_DATA SHOWN_
================

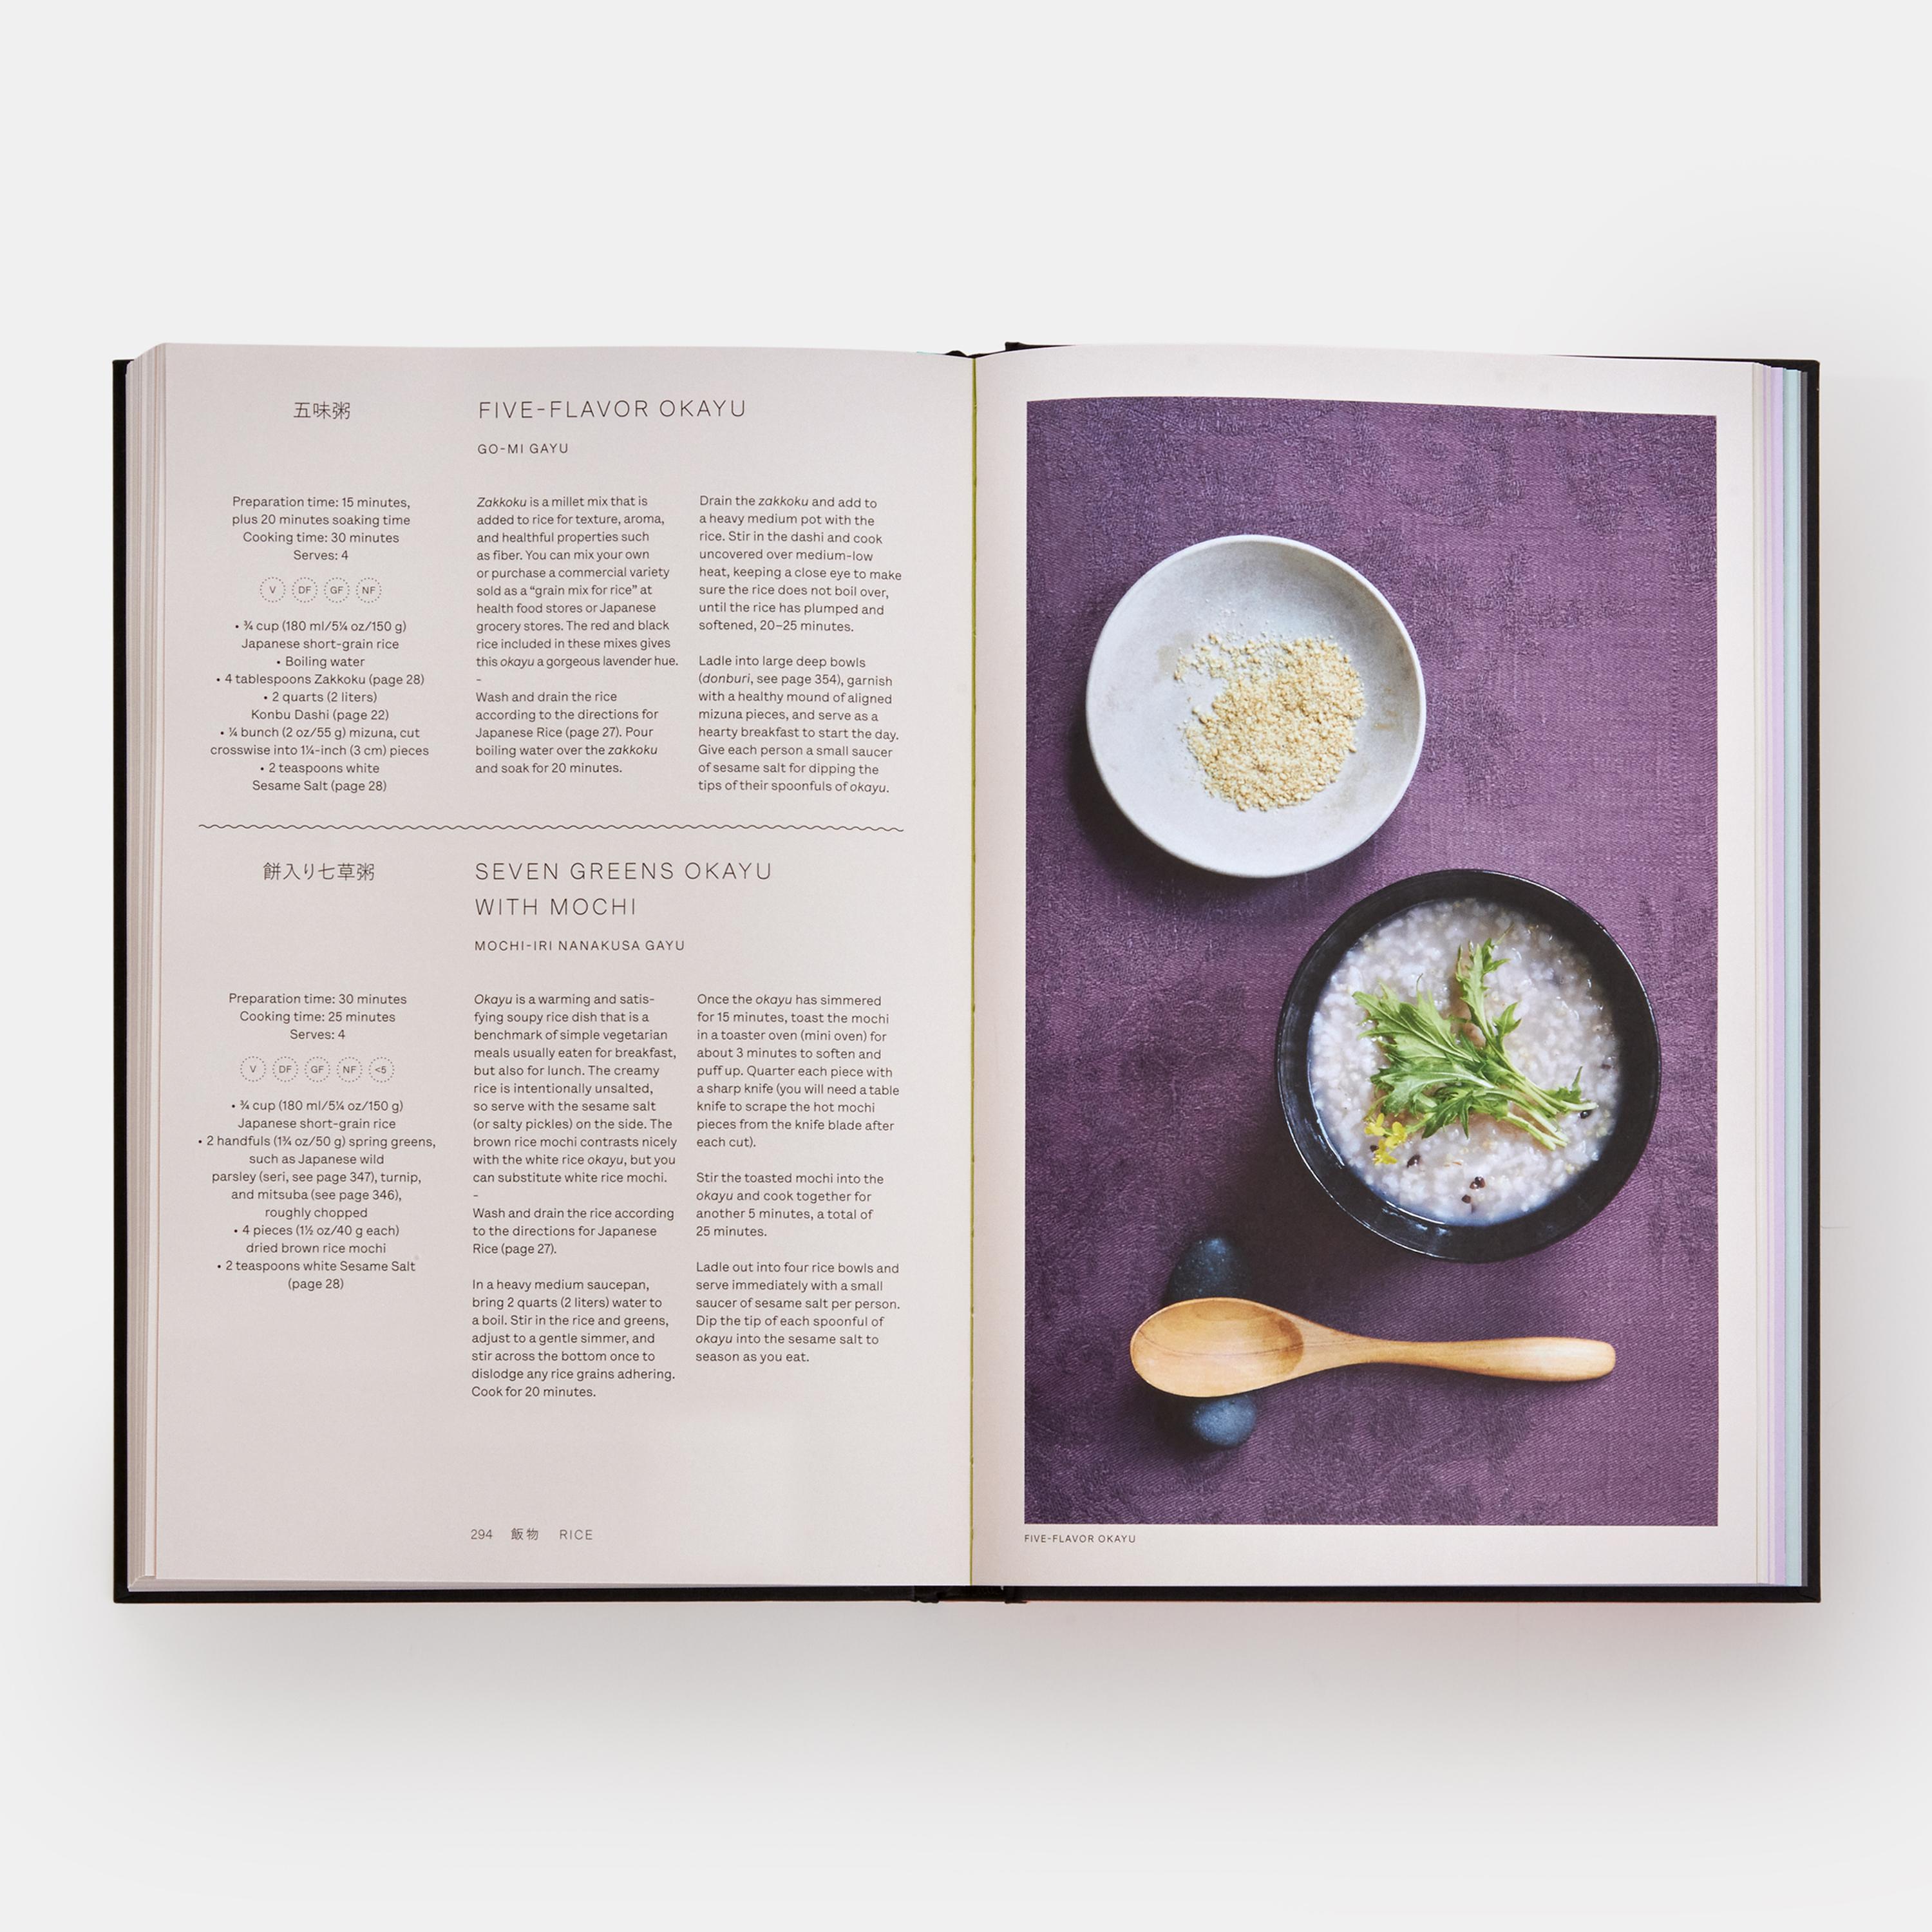 ‘Extraordinary … a must have book for anyone who loves vegetables!’ – Amanda Cohen, James Beard-nominated chef and owner of Dirt Candy

From the author of global bestseller Japan: The Cookbook, more than 250 delicious, healthy vegetarian Japanese
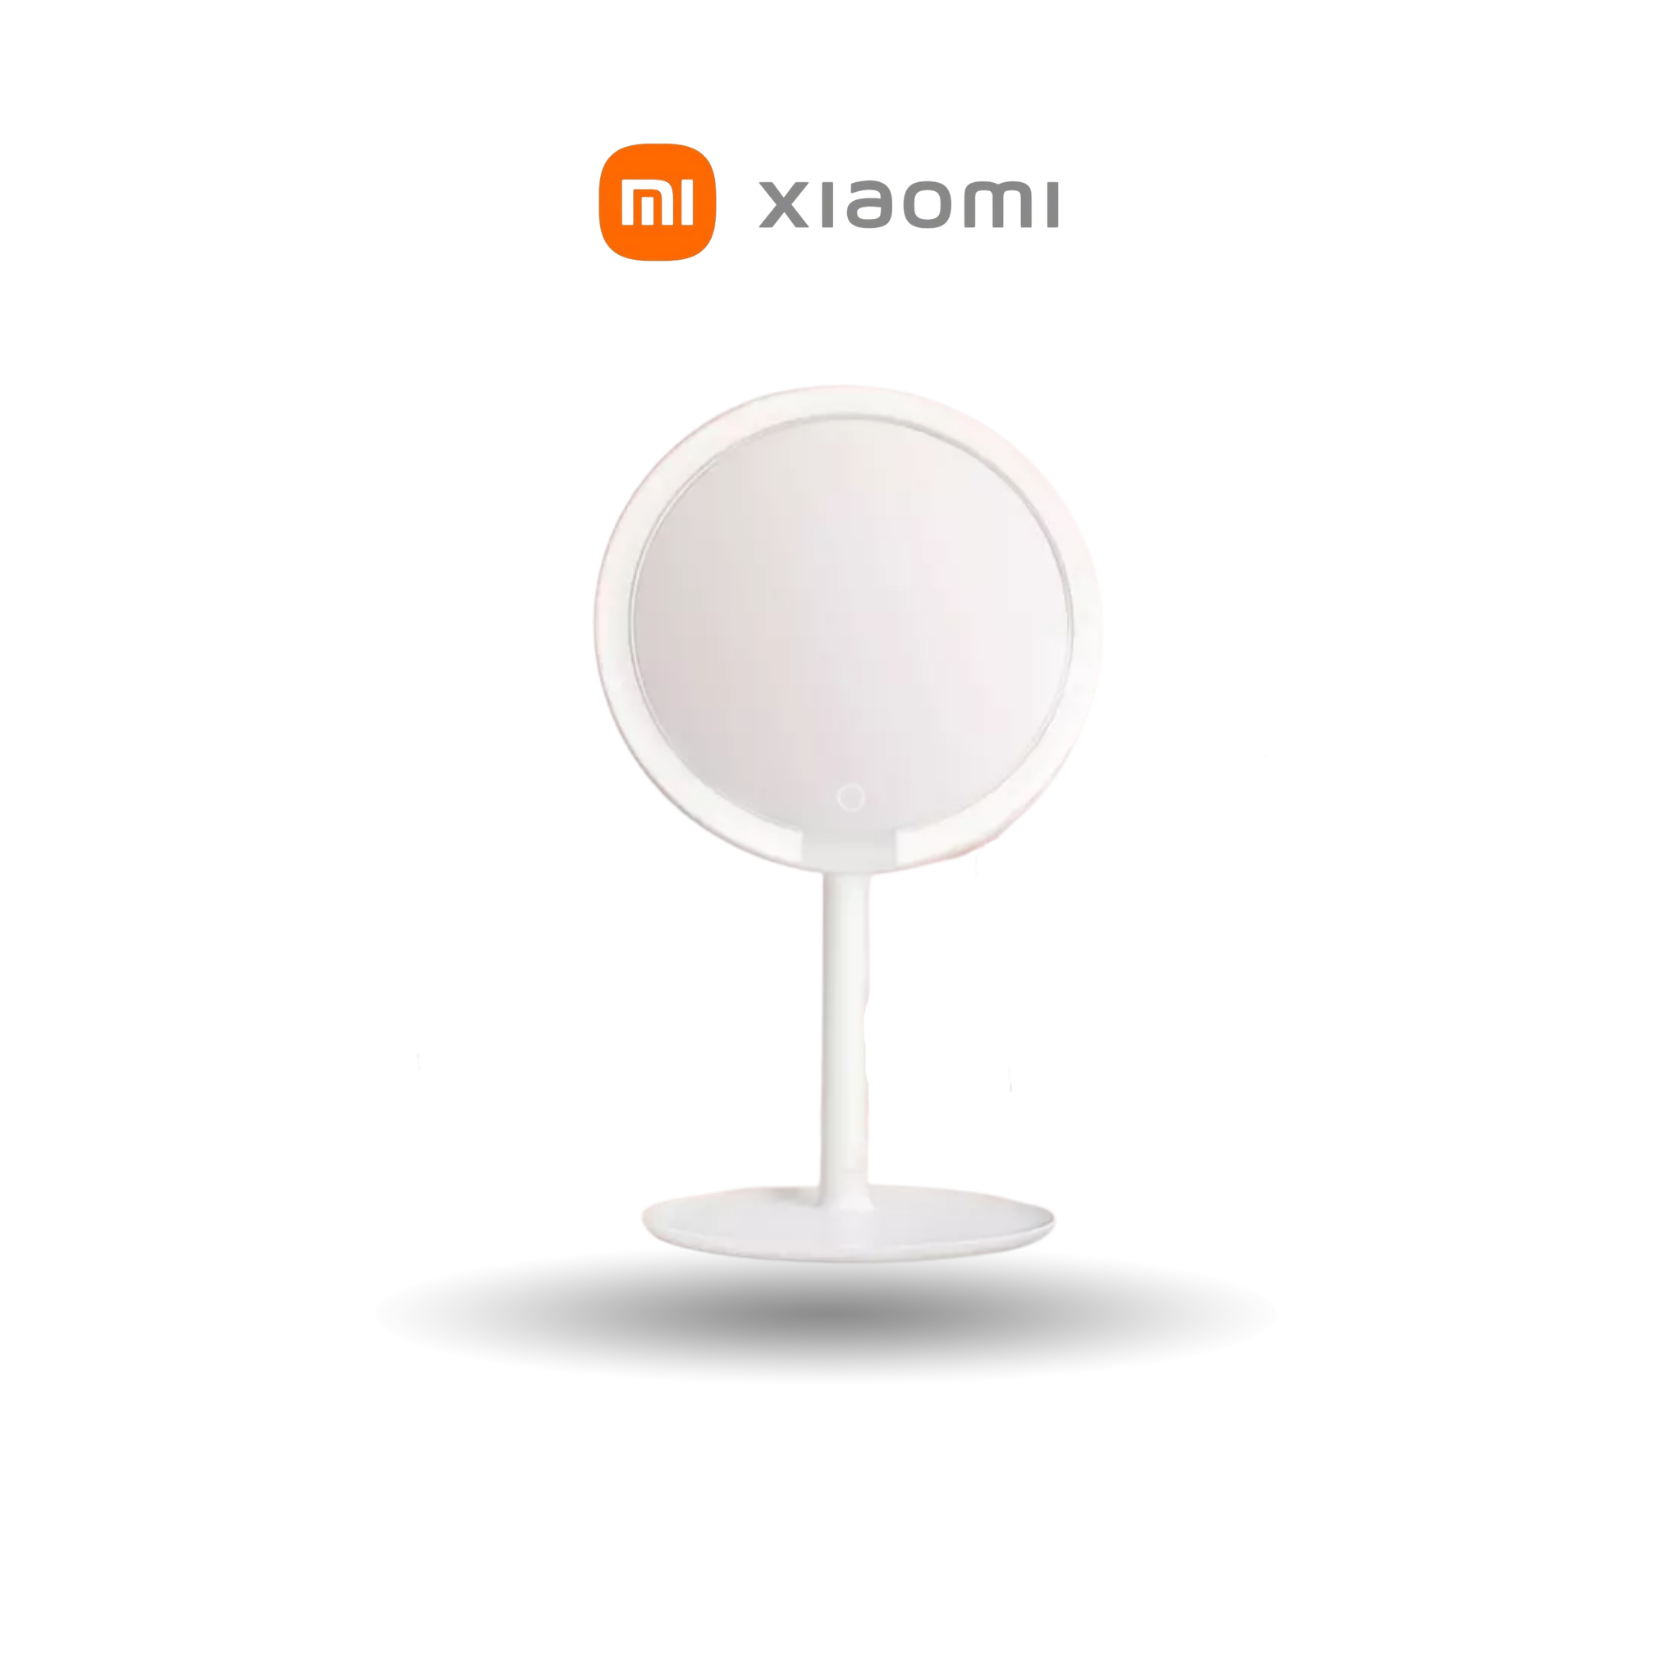 Xiaomi Mijia LED Lighted Makeup Mirror - Three Adjustable Brightness 0 - 45 Adjustable Angle Rechargeable Charging

================

_TRY IT_
Return the listing above in full and exactly, omitting all pictures.

_RESULT OF THE TASK_
 ‘Extraordinary … a must have book for anyone who loves vegetables!’ – Amanda Cohen, James Beard-nominated chef and owner of Dirt Candy

From the author of global bestseller Japan: The Cookbook, more than 250 delicious, healthy vegetarian Japanese
 Xiaomi Mijia LED Lighted Makeup Mirror - Three Adjustable Brightness 0 - 45 Adjustable Angle Rechargeable Charging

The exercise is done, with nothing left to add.